Ok, if you default on the original agreement, fail to make any repayment/arrangement or the debt is farmed out. You are correct.

There is further guidance on when the debt is sold on.

 

Op has entered into an arrangement through a debt management company, and has therefore rescheduled the agreement.

This is done either formally or informally.

 

Data Protection Technical Guidance.

Filing defaults with credit reference agencies.

Version 3 02/08/2007

 

Chapter 18 Formal rescheduling of the agreement.

 

This involves a formal and permanent rescheduling of the payments due on the account. It might include capitalisation of part of the debt; it may extend the length of the loan; it may change the level of payments.

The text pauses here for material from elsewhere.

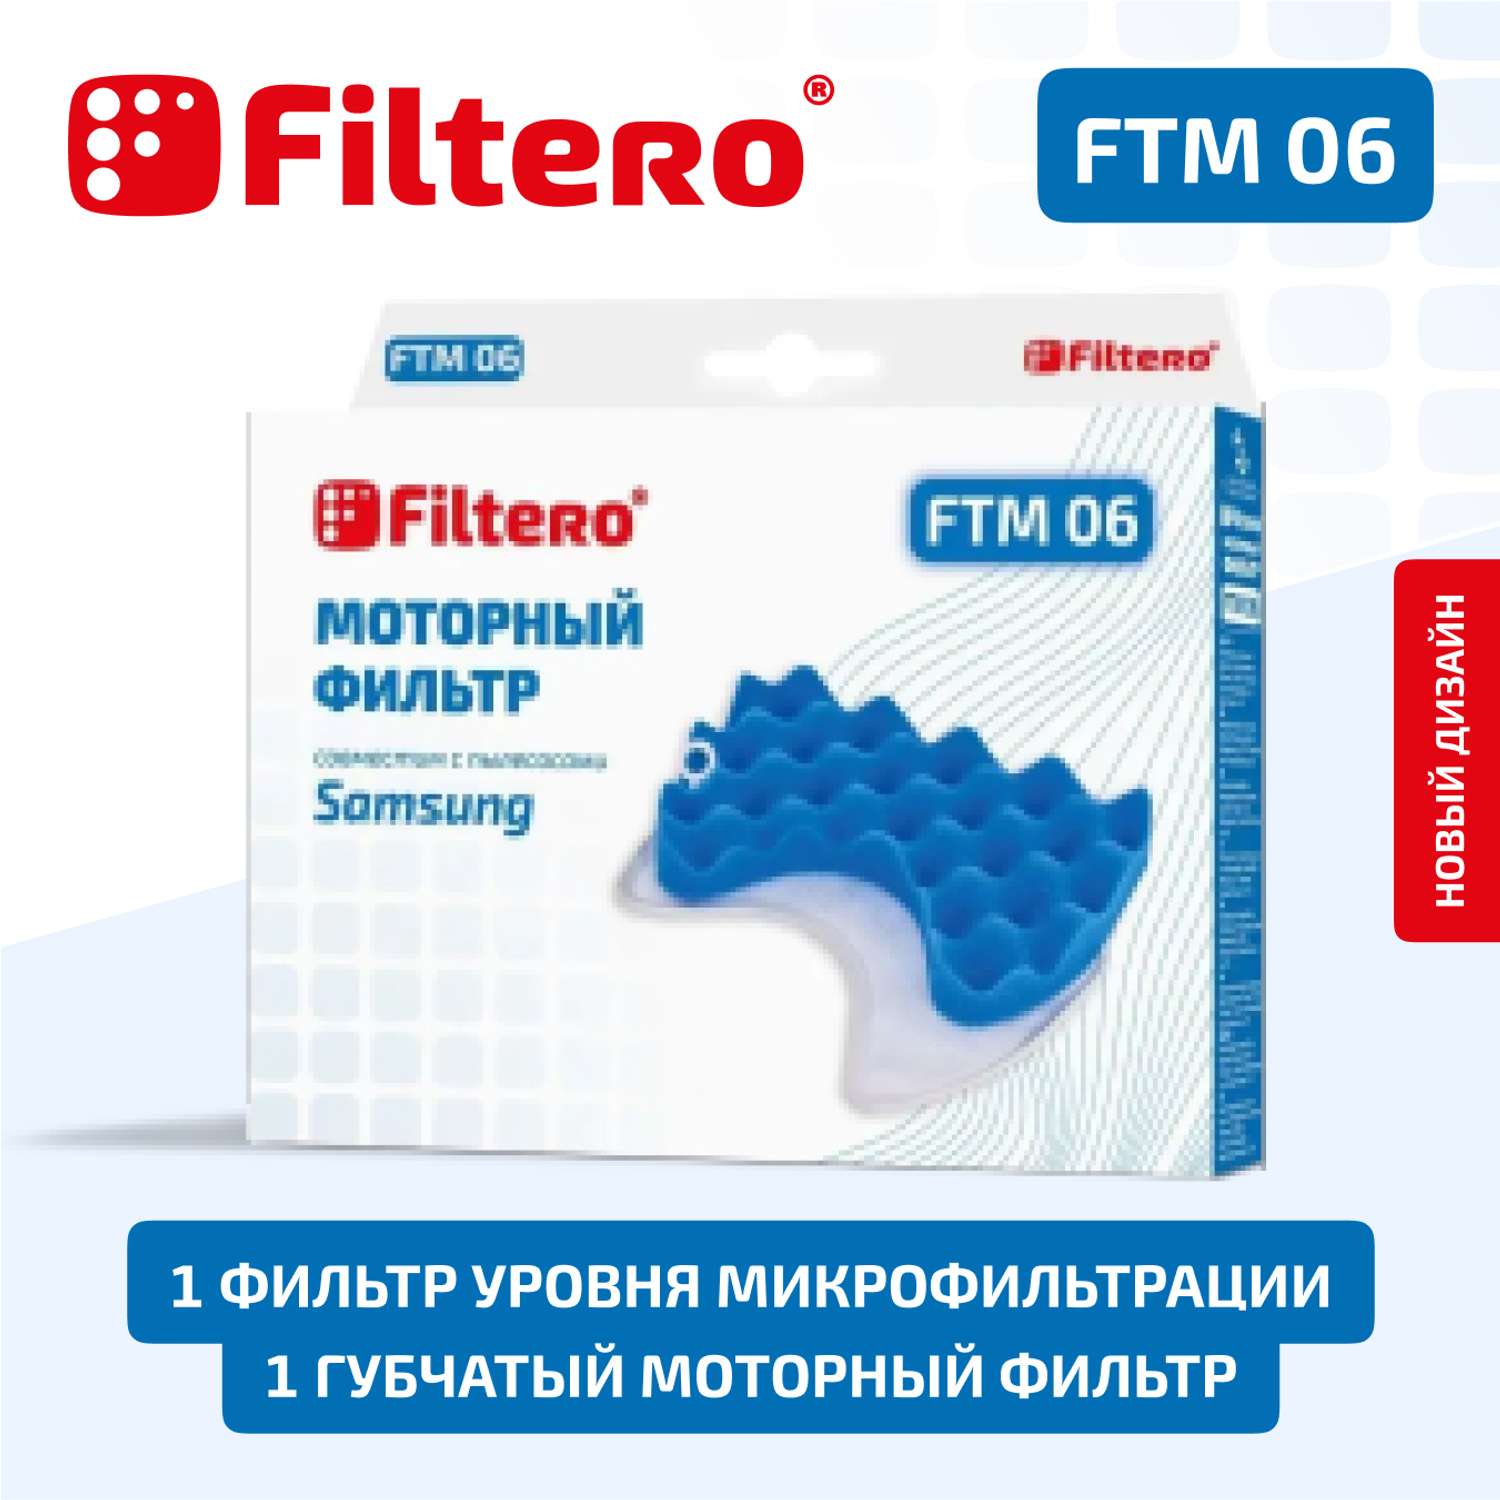 Фильтр моторный Filtero FTM 06 SAM для пылесосов Samsung - фото 1

This adjustment may take the form of a new agreement or a change to the original agreement.

If a new account is set up for the customer then the original account should be shown on the credit reference file as settled, with the correct payment history shown up to the time of rescheduling.

If the repayment history shows missed payments (a default) then there is still a defaulted account showing on the file, but it is settled. It does not wipe the original default.

 

If the rescheduling results in changing the original agreement, the correct payment history up to the time of rescheduling should again be shown, but in this case the credit reference file will not show the account as settled. ****Information filed after the rescheduling should reflect payments and the terms of the modified agreement.****

In this instance, the original default stays. If you again miss payments, you get a second default.

 

Chapter 19 Informal rescheduling of the agreement.

 

This is where the lender agrees to reschedule the terms of the agreement for the medium to long term but anticipates that the customer will return to the original level of payment on the account.

 

The credit reference file should record the correct payment history up to the time of rescheduling.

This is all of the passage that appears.